Provided data Block Start

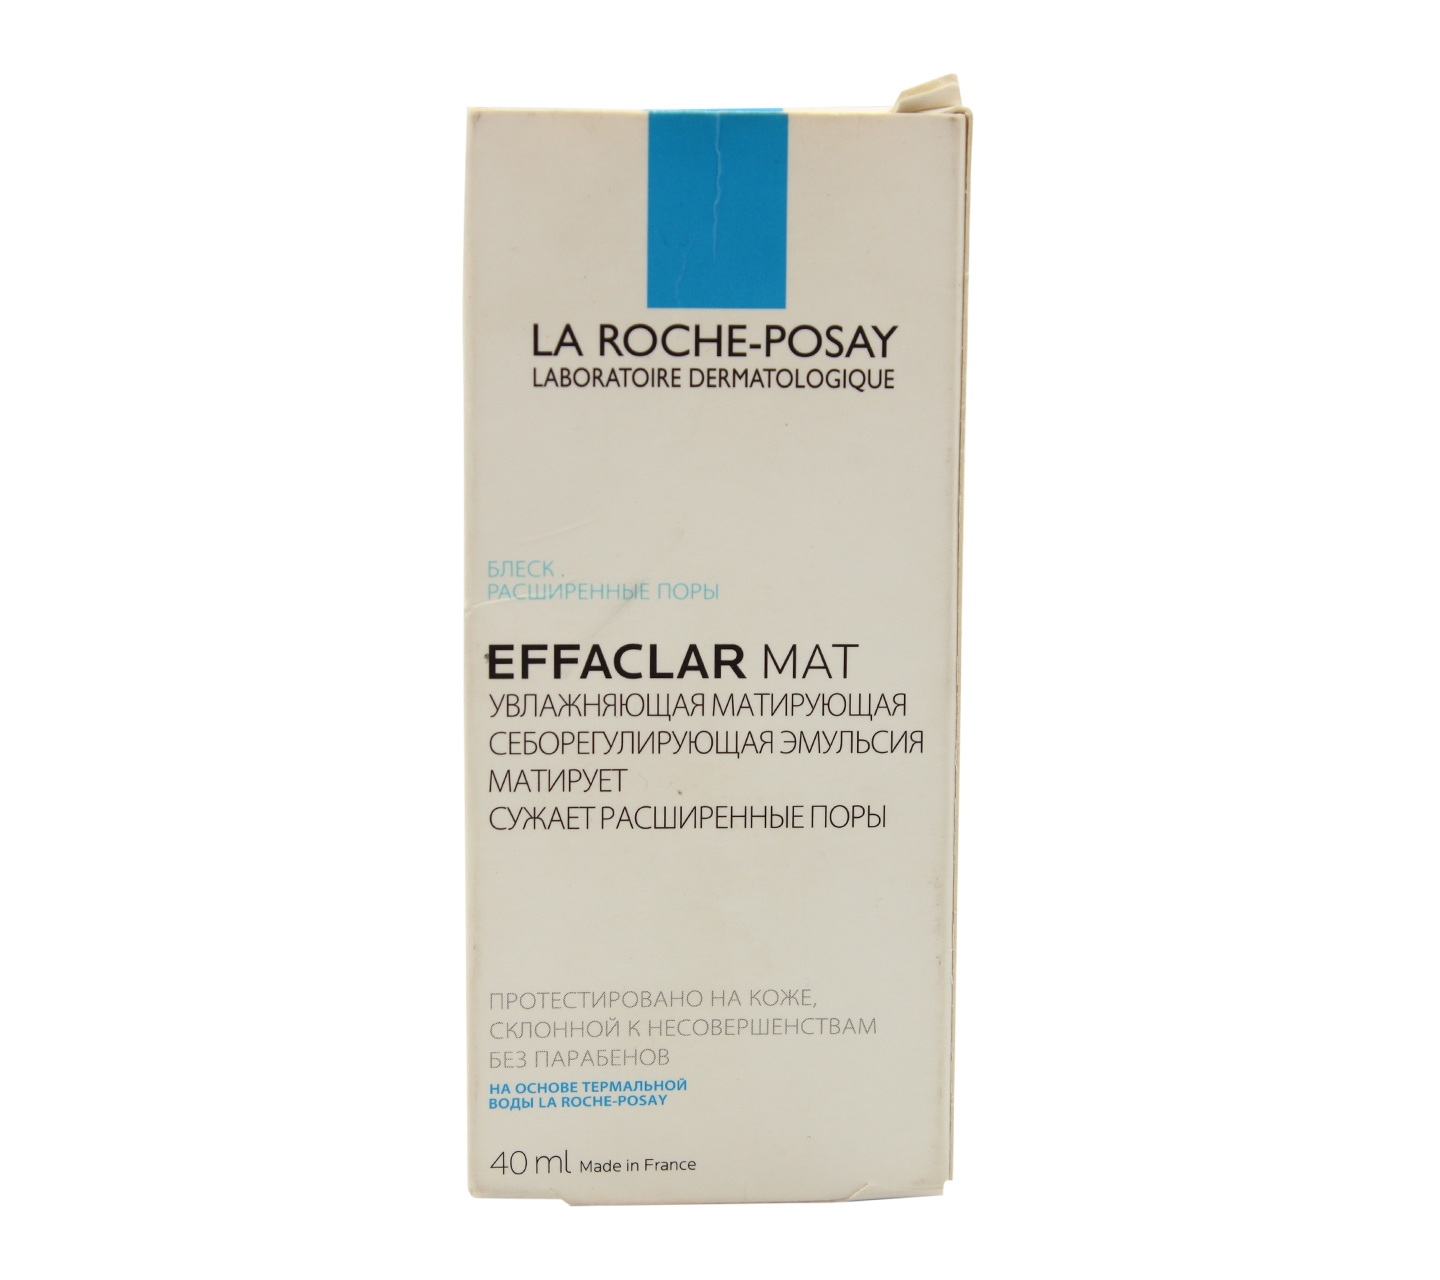 La Roche Posay Effaclar Mat Skin Care
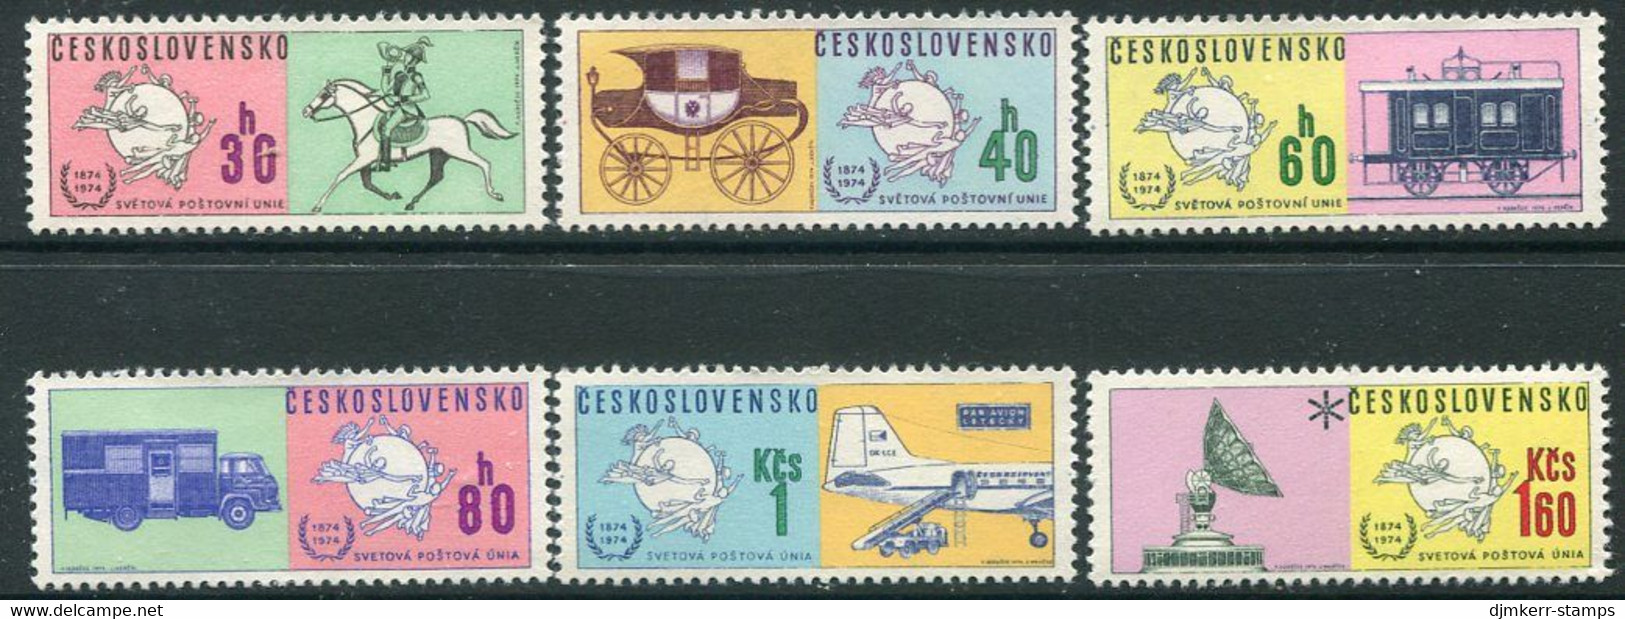 CZECHOSLOVAKIA 1974 Universal Postal Union MNH / **  Michel 2222-27 - Ongebruikt
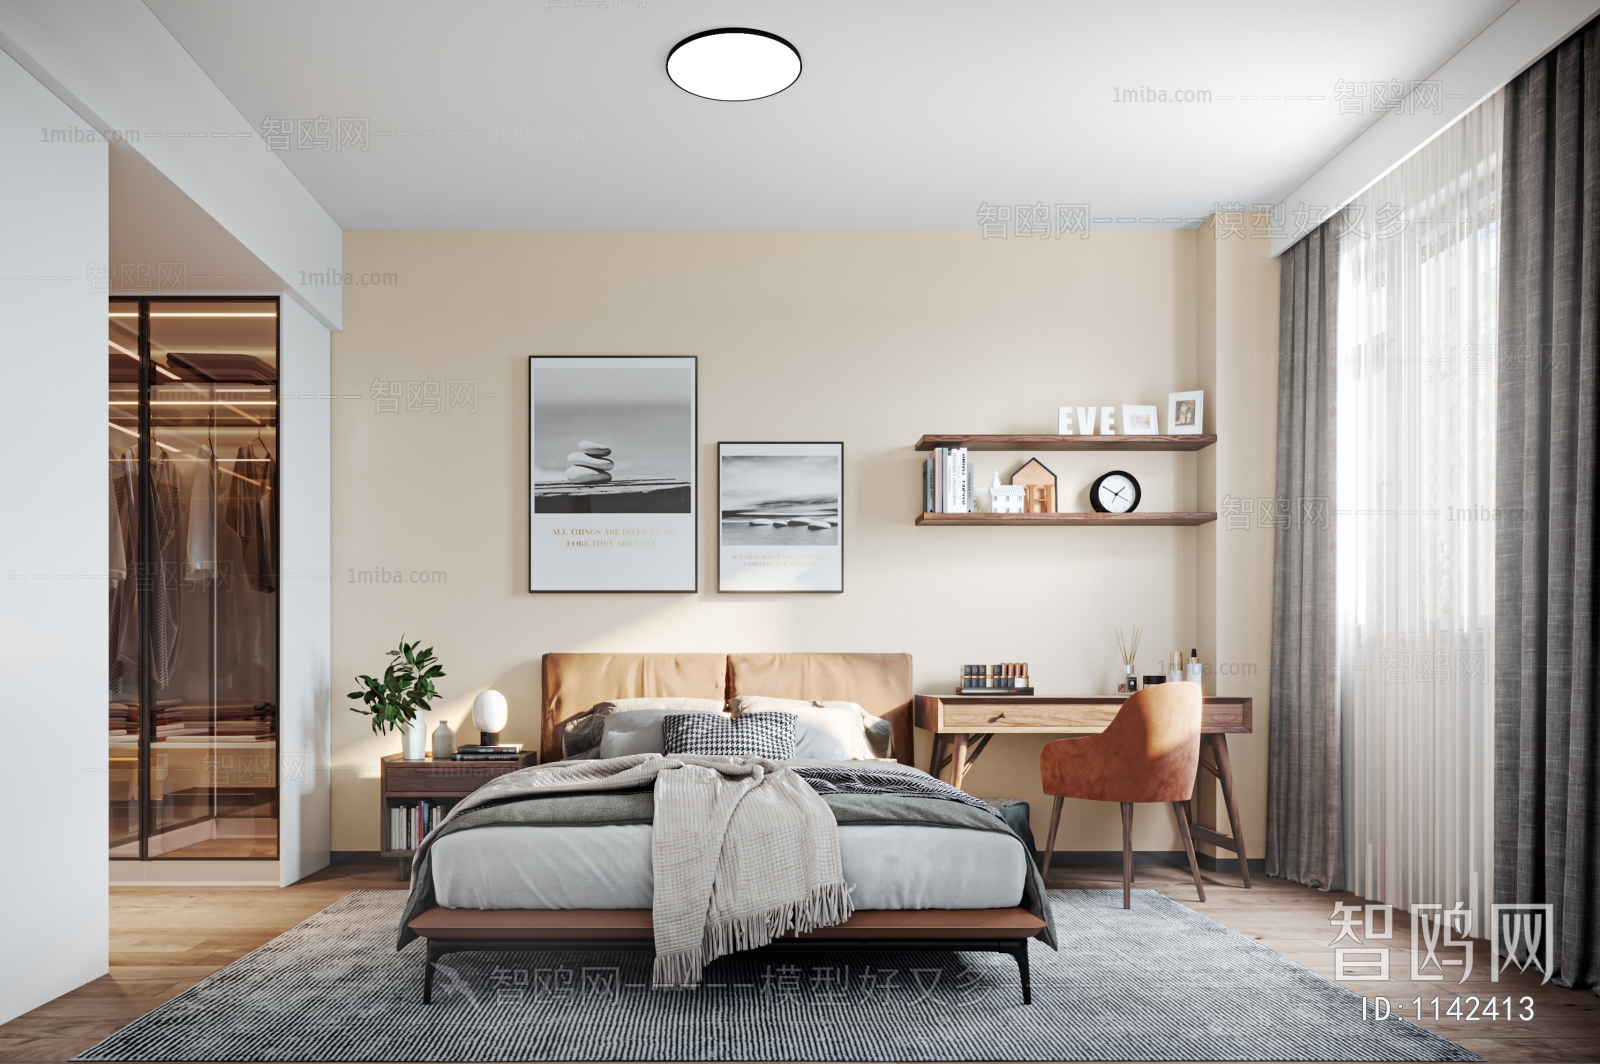 Nordic Style Bedroom

Provided data Block End

* **Directions**
What is needed is a word-for-word copy of the data above, free of any images.

* **Answer section**
 La Roche Posay Effaclar Mat Skin Care
 CZECHOSLOVAKIA 1974 Universal Postal Union MNH / **  Michel 2222-27 - Ongebruikt
 Nordic Style Bedroom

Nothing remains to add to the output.